Once in a while, I experience a problem replicating a new set, where the slon remote worker thread is terminated by a signal 11. I'm not much of a C programmer, so I haven't been able to patch this myself. I don't know how much of the following is relevant, but here is what I do know: It only occurs when debugging is set at 2 or higher. According to strace, the last thing the process does before receiving the sig 11 is output the log entry "syncing set %d with %d table(s) from provider %d\n" (with real data of course), which appears to be called from remote_worker.c at line 4232. The log entry is fully output before the thread is killed. In my case, it always happens on set id 100, which I use as a temporary set when adding new tables and sequences, and only on the first sync of the set after subscribing it to a new node. Reducing the debugging to 0 has so far gotten past the issue all 3 times it has happened, and later syncs at a higher debug level work fine. It's not reproducible except at the specific time it's happening (ie. I don't have a test case that can demonstrate it). I've looked at the logging code and can't see a buffer issue in it. I think probably it's just causing an interaction with the real problem elsewhere.

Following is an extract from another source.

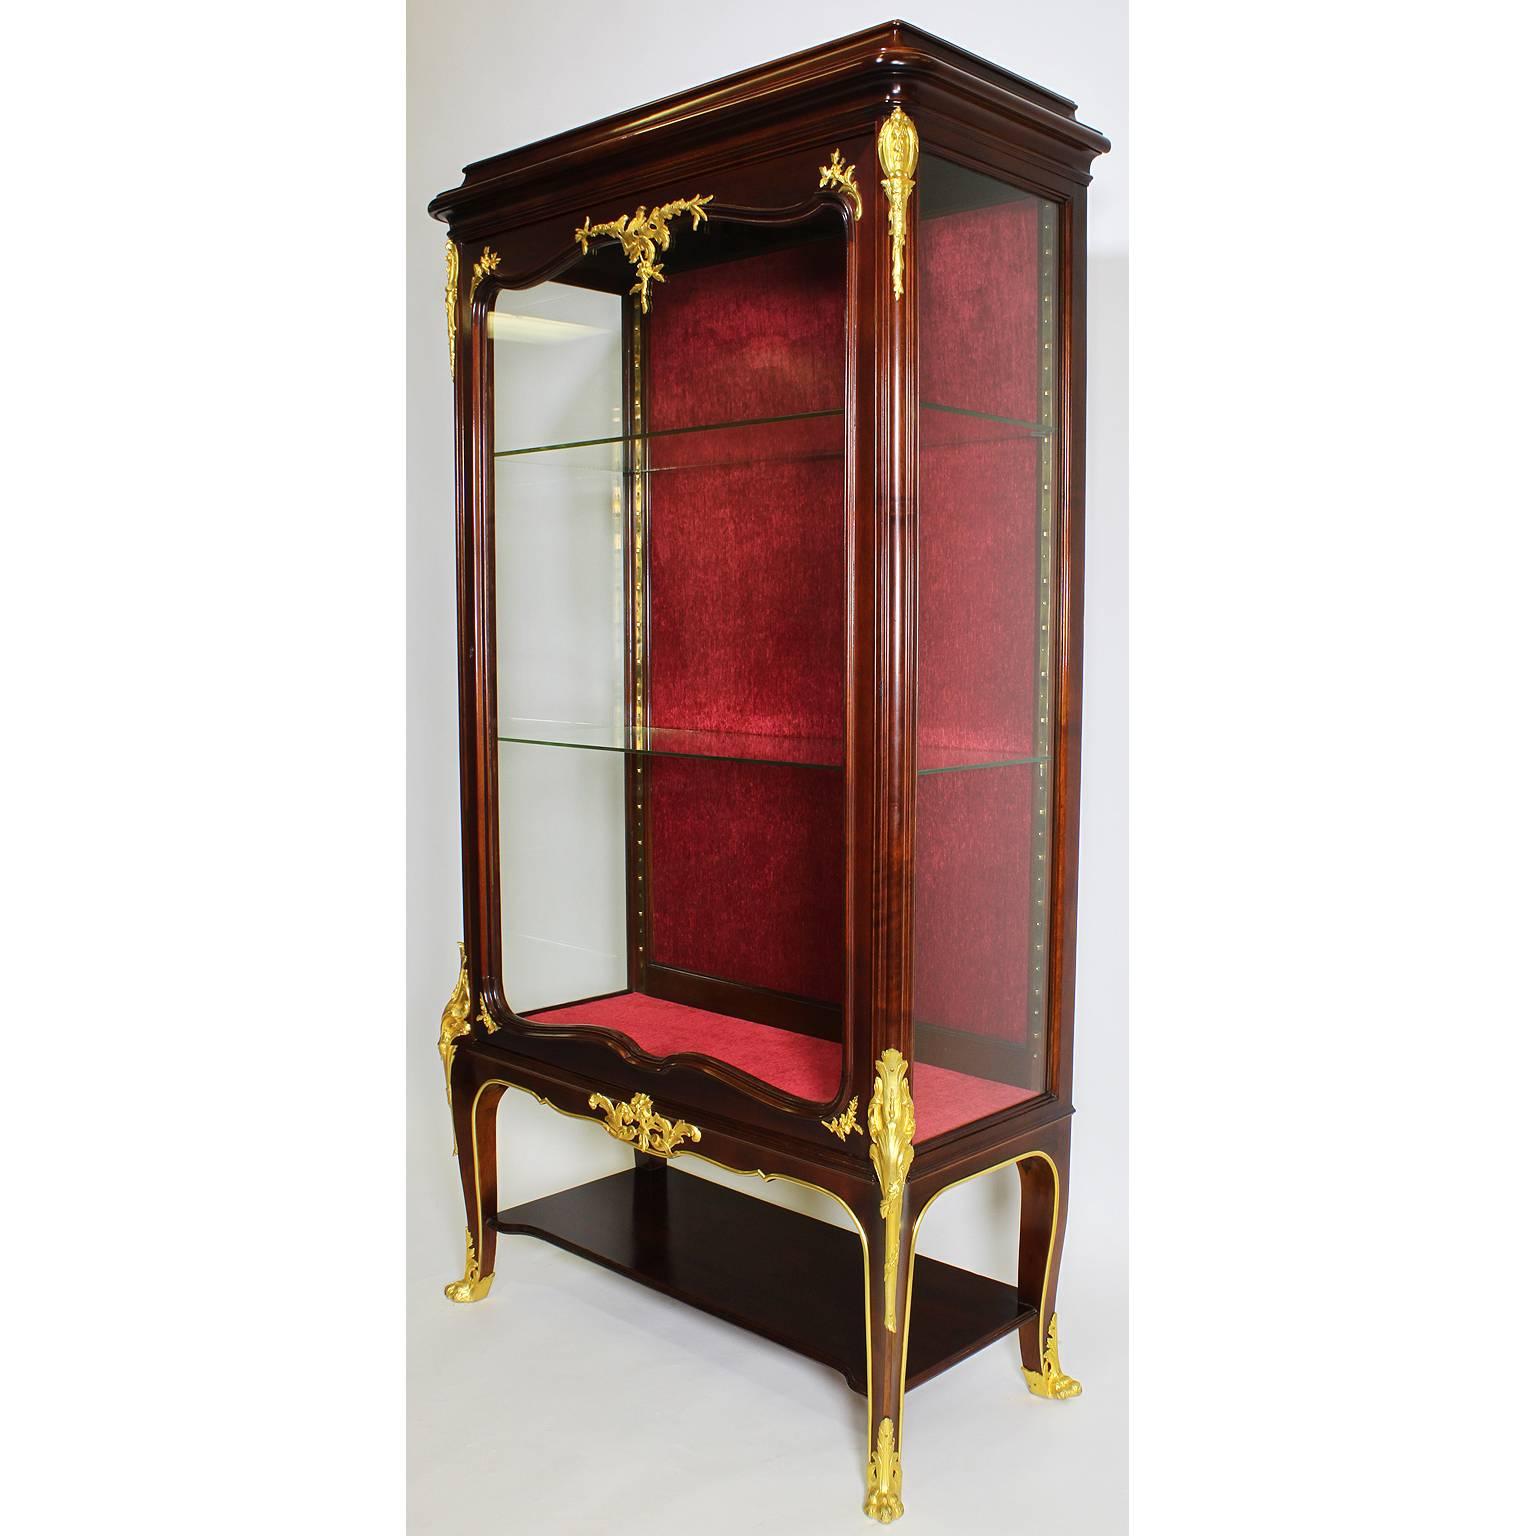 A fine French 19th-20th century Louis XV style mahogany and gilt bronze-mounted Vitrine by Haentges Freres. The single door cabinet surmounted with ormolu mounts with floral motifs, raised on four cabriolet legs with corner mounts with lion paw

I've found one bug which would cause the symptoms you describe, although there may be others :). Present in 1.2.15 and 1.2.16, at least. The problem should manifest itself when an overly long line is printed to the log (so it doesn't happen when the log level is low). Here's the case that was causing my slon to segfault; it's in sync_event() in remote_worker.c: slon_log(SLON_DEBUG4, " ssy_action_list value: %s\n", ssy_action_list); ssy_action_list in this case was over 135000 characters. When this got into slon_log and that function found that its buffer was not big enough, it tried to resize the buffer and call vsnprintf() again, but /it reused the va_arg/, which is not allowed. Here is one possible approach to fixing the problem: --- old_misc.c 2009-09-15 13:57:29.000000000 -0600 +++ misc.c 2009-09-15 14:11:10.000000000 -0600 @@ -172,7 +172,10 @@ off = strlen(outbuf); - while (vsnprintf(&outbuf[off], outsize - off, fmt, ap) >= outsize - off) + va_list apcopy; + va_copy(apcopy, ap); + + while (vsnprintf(&outbuf[off], outsize - off, fmt, apcopy) >= outsize - off) { outsize *= 2; outbuf = realloc(outbuf, outsize); @@ -181,7 +184,12 @@ perror("slon_log: realloc()"); slon_retry(); } + va_end(apcopy); + va_copy(apcopy, ap); } + + va_end(apcopy); + #ifdef HAVE_SYSLOG if (Use_syslog >= 1) {
Created attachment 34 [details] The patch from the above comment Sorry, I'm such a Bugzilla noob. This attachment is probably better.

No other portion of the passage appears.